» **The data**:
- Opening Delimiter -
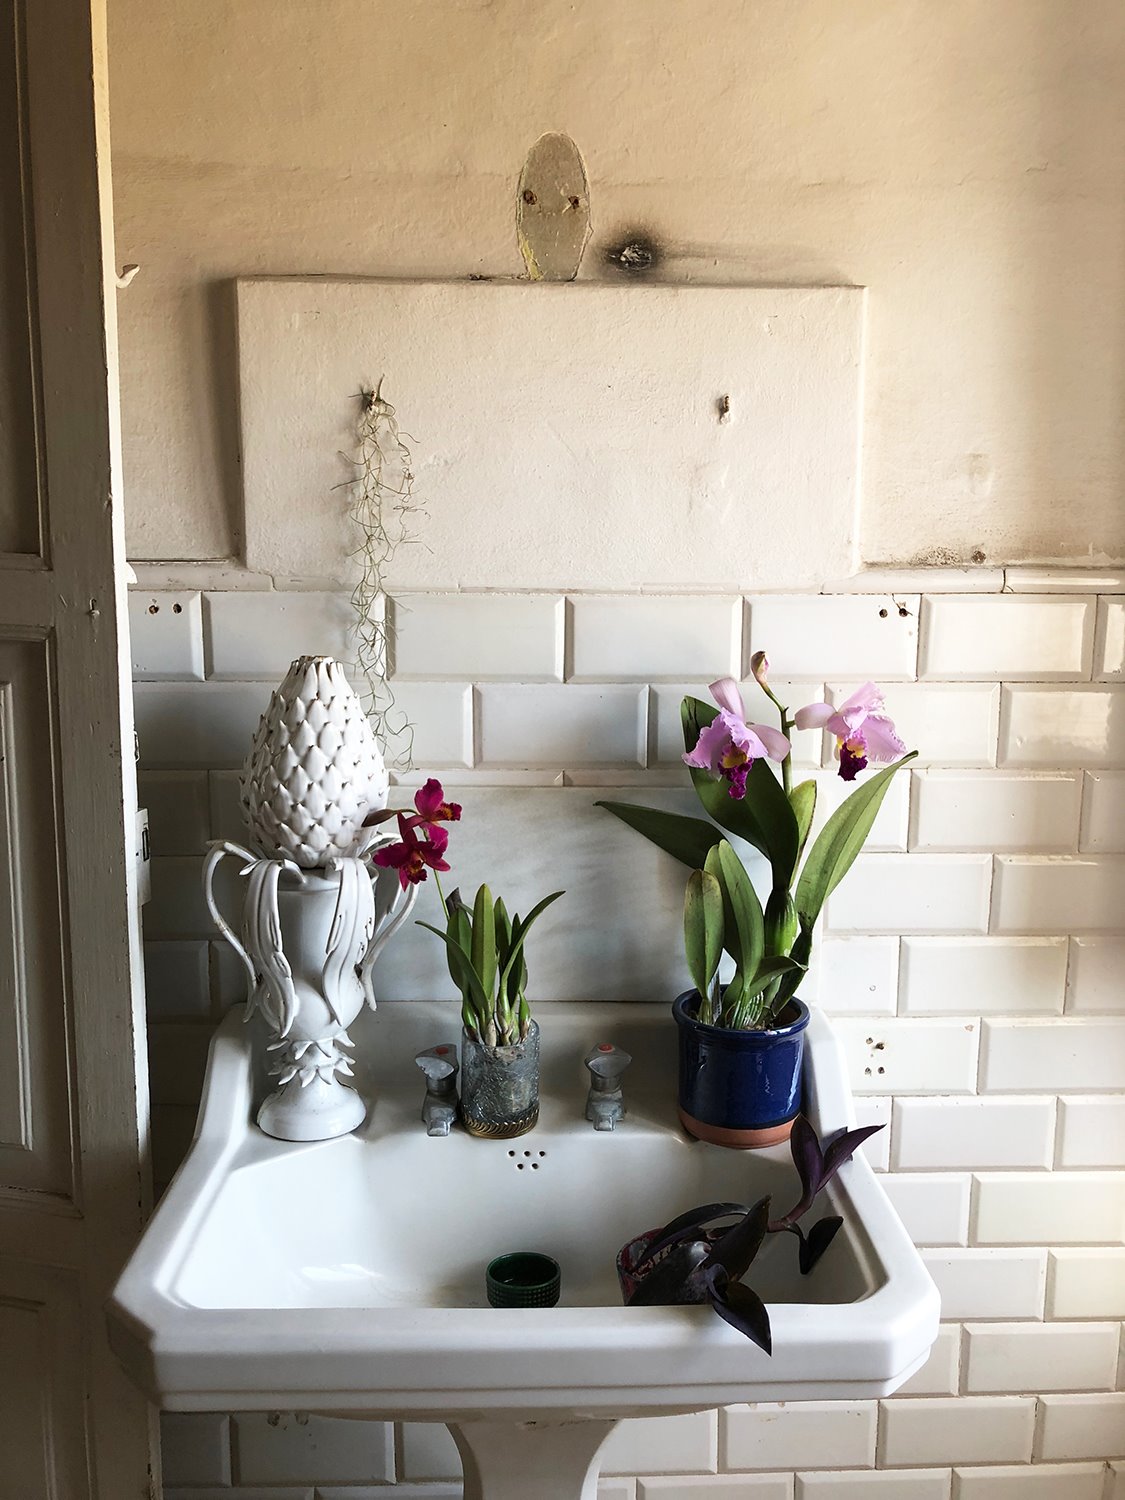 El baño del artista con varios conjuntos de flores y plantas. La imagen es de lo más evocadora.
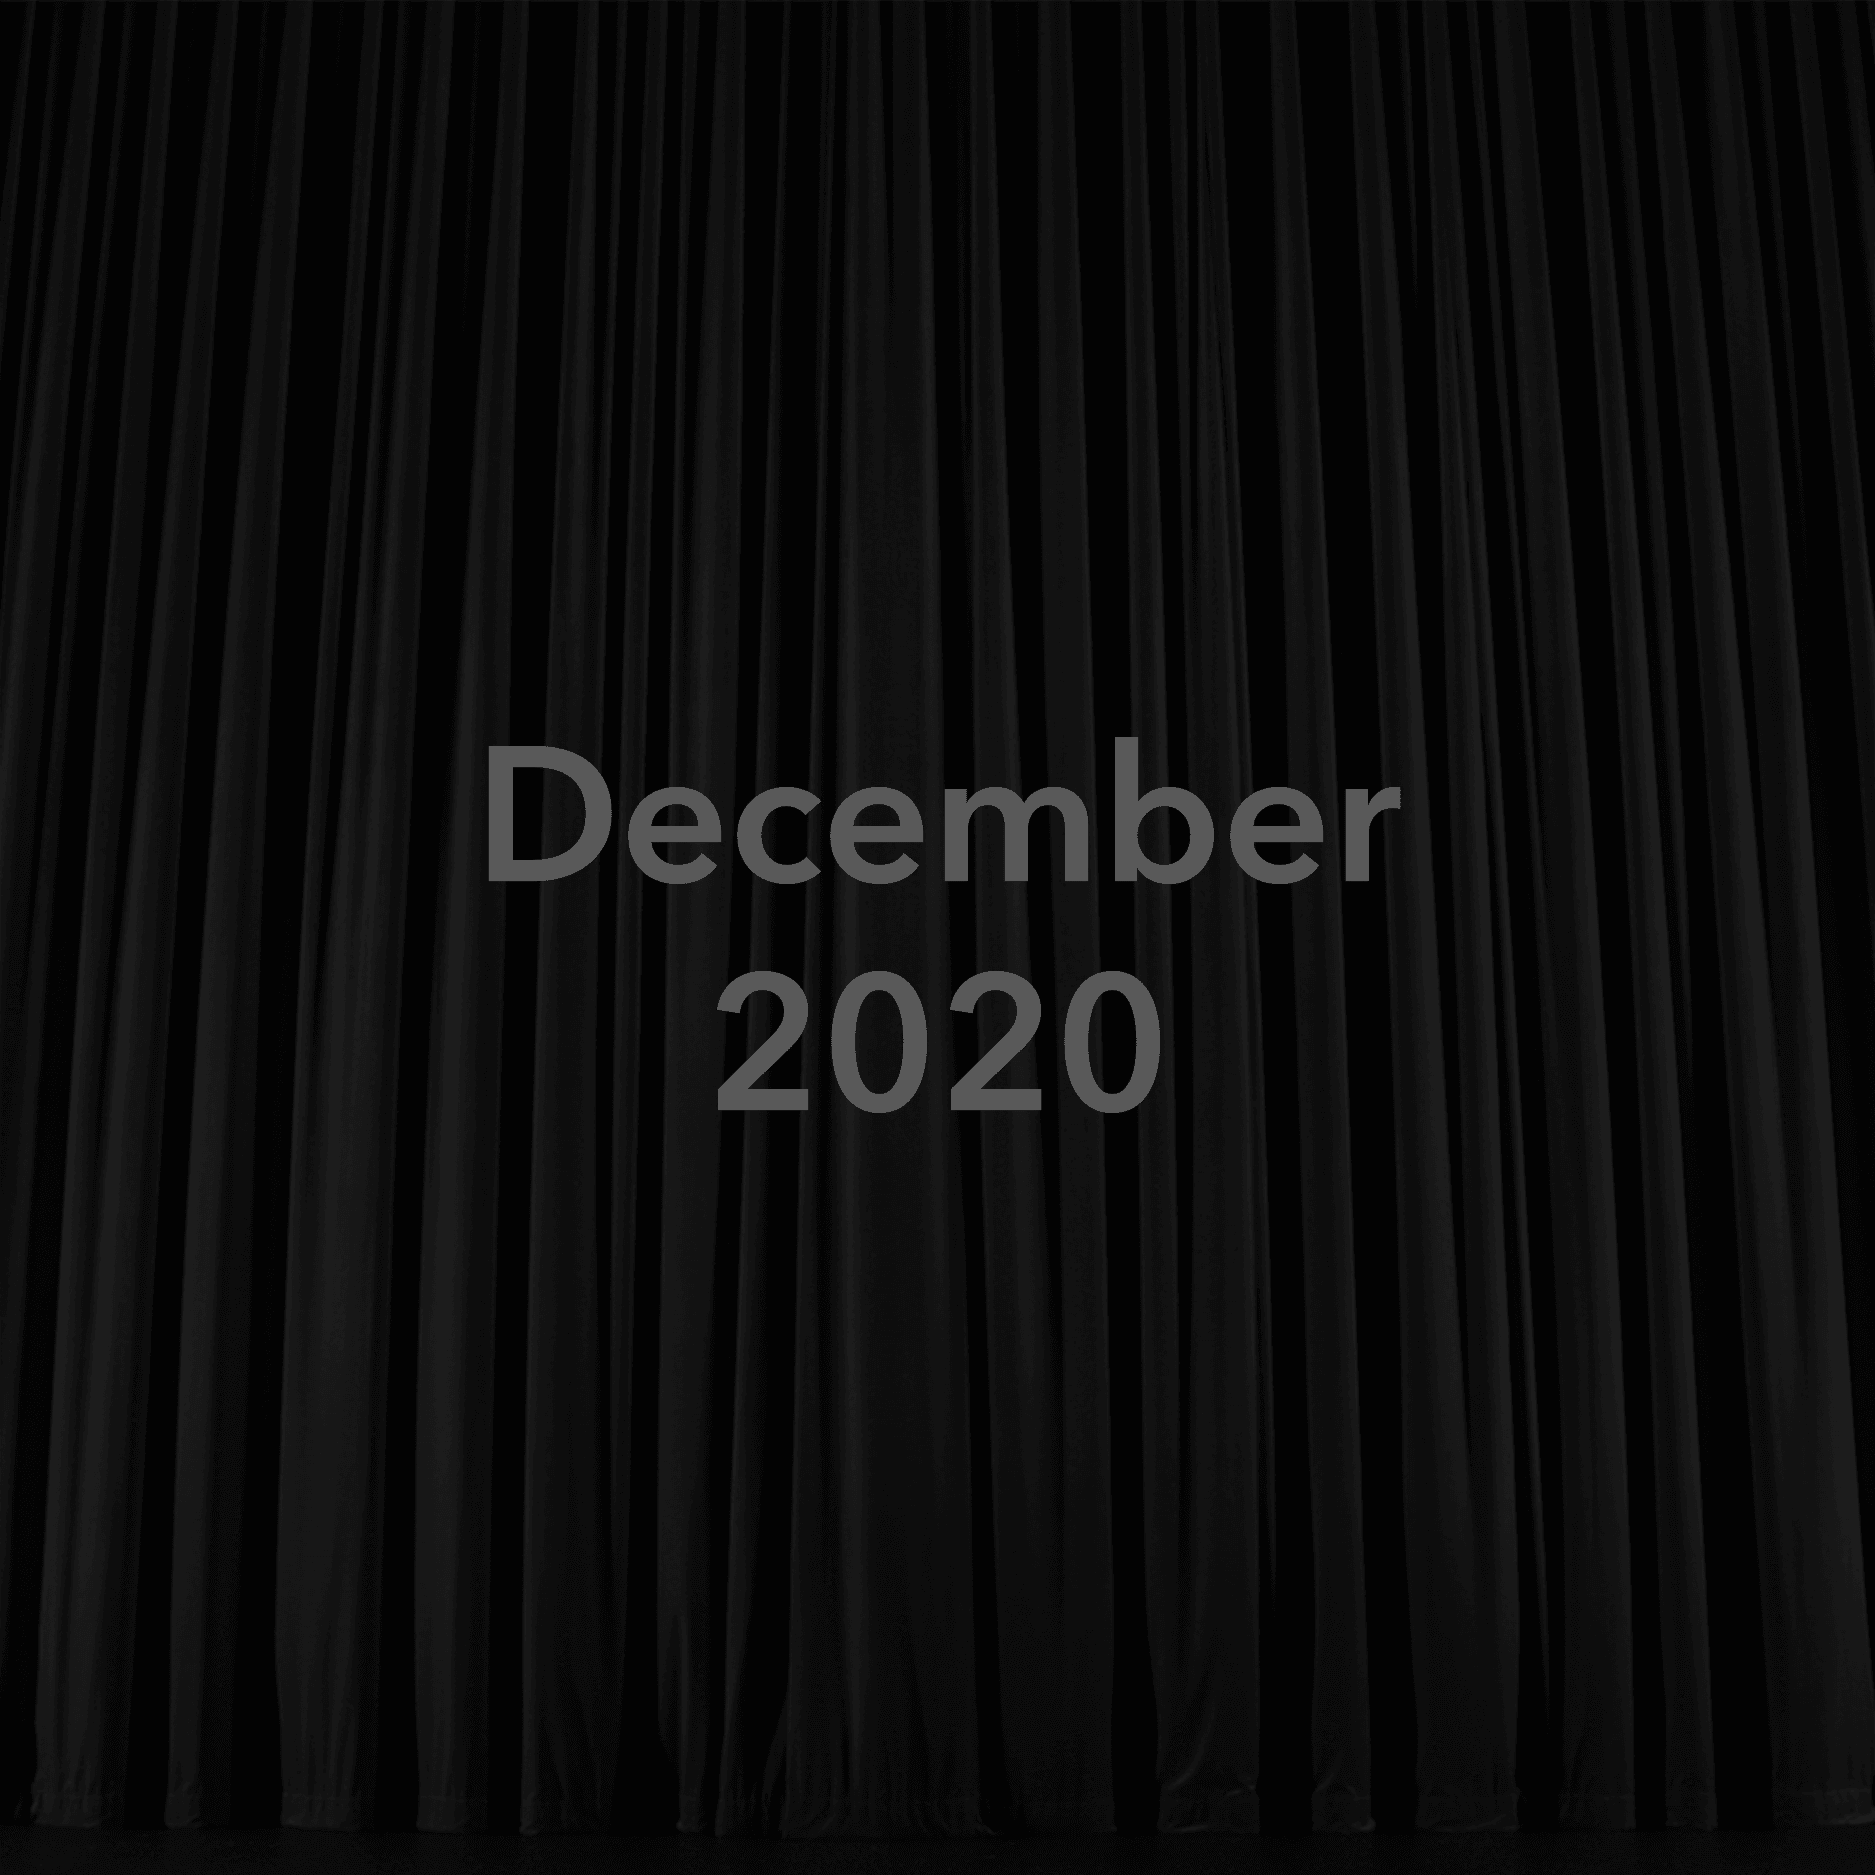 December 2020 Show Placeholder
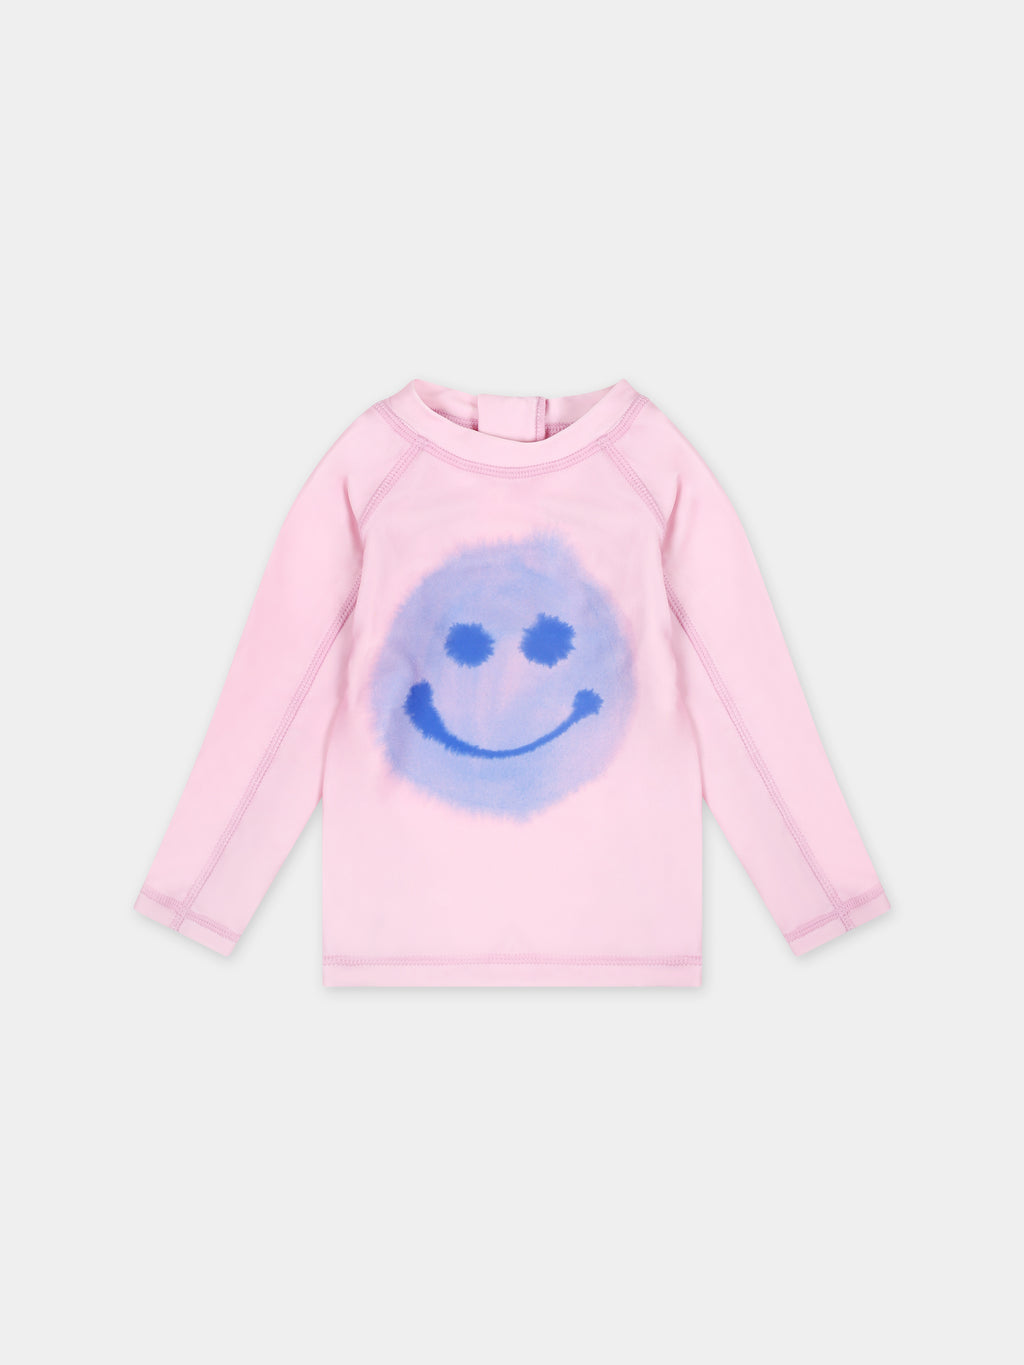 T-shirt rose pour bébé fille avec smiley
- Closing Delimiter -
» **Work item**: Could you print the material above word for word and skip the images?

» **Result**:
 El baño del artista con varios conjuntos de flores y plantas. La imagen es de lo más evocadora.
 December 2020 Show Placeholder
 T-shirt rose pour bébé fille avec smiley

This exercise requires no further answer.